Saturday, June 4, 2011

From Wasilla to Washington

The Palin Family: from Wasilla to Washington

The above photo is from an article in the Daily Mail: Sarah Palin 'pulls daughter Willow out of school so she doesn't ruin Presidential hopes'. Is this is Palin's attempt to prevent Willow from turning into Bristol?

The whole family is positioned as though they're players in some kind of grass chess game. Track, for some reason, is without his new wife Britta (did he marry her for her name?!). Bristol, holding her "out-of-wedlock" son Trig, got even more famous from Dancing with the Stars and is in the works for another reality TV show, which includes a new face and a new, live-in boyfriend. Piper might actually be the one to watch. She's the one positioned closest to Palin, even a little ahead of her. It's not clear what Todd Palin will be doing if they ever make it to Washington, but he doesn't look comfortable with the spotlight. Palin, for some reason, continues to hold our fascination, partly because she's an attractive female, and partly, of course, because of her chaotic family life.

I keep forgetting that Sarah Palin has a young toddler who has Down Syndrome.

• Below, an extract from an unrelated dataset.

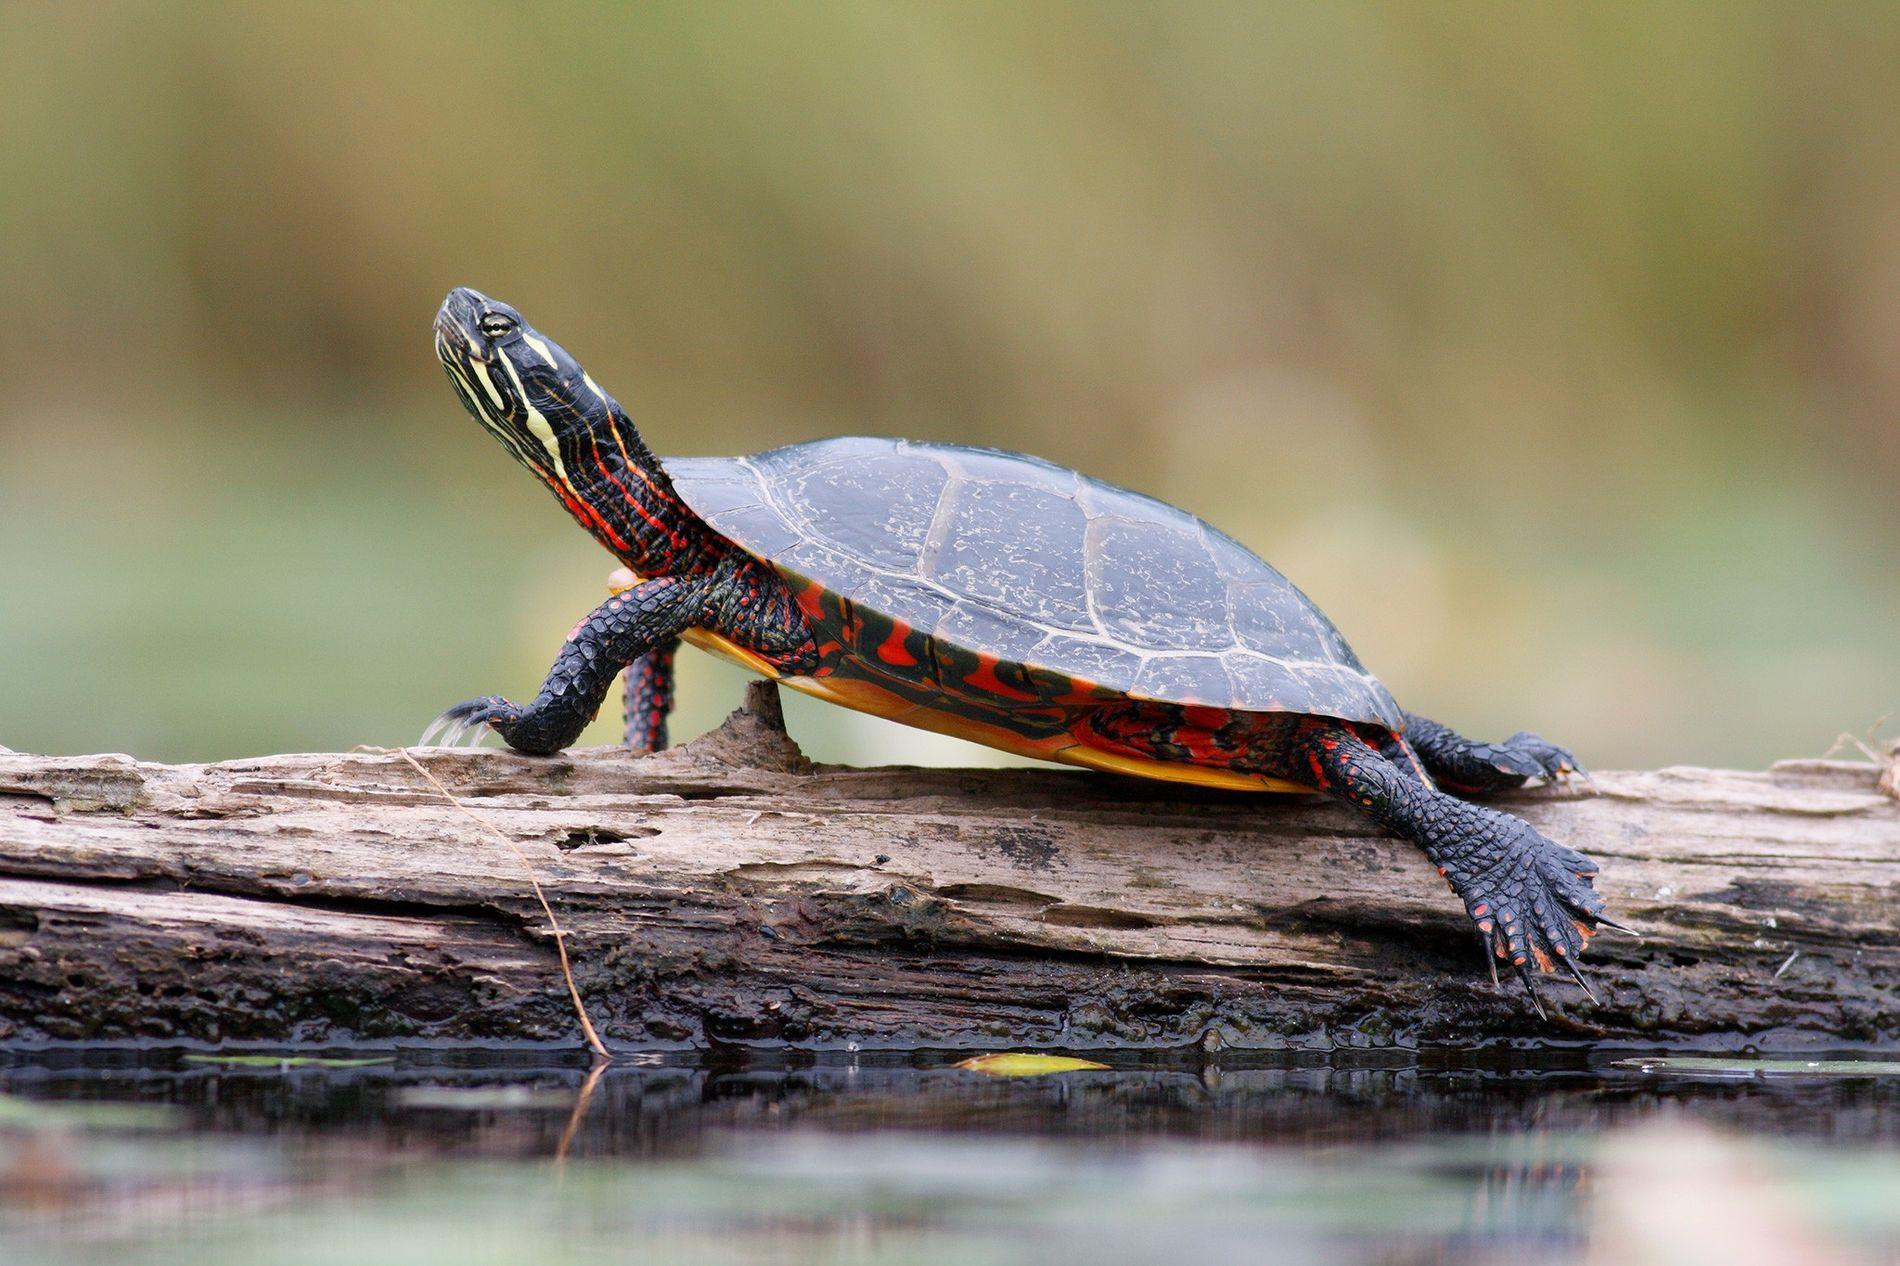 Una tortuga pintada toma el sol en un tronco del lago West Stoney, Nueva Escocia.

And that she has another son, the eldest of her children, who just married his "high school sweetheart" - isn't that what Sarah did too? Track Palin (let's leave those names aside for now) is 22, and was enlisted in the army. His 21-year-old wife plans to be a nurse and work in a local hospital. The attention has mostly been on Bristol, and to a lesser degree Palin's other daughters, that I forgot that she has a large family of five children. And she will be a grandmother the legitimate way! She must be happy there are no scandals to get in the way of her Presidential run this time around. But she's keeping a close eye on her blossoming teenage daughter Willow, according to the Daily Mail article above, and has pulled her out of school to be home-schooled.

Here's an article I wrote on Palin for The American Thinker almost two years ago now: Sarah Palin: whose family values? It looks like Palin still hasn't learned that being away from home will likely result in a strained, if not dysfunctional, family life.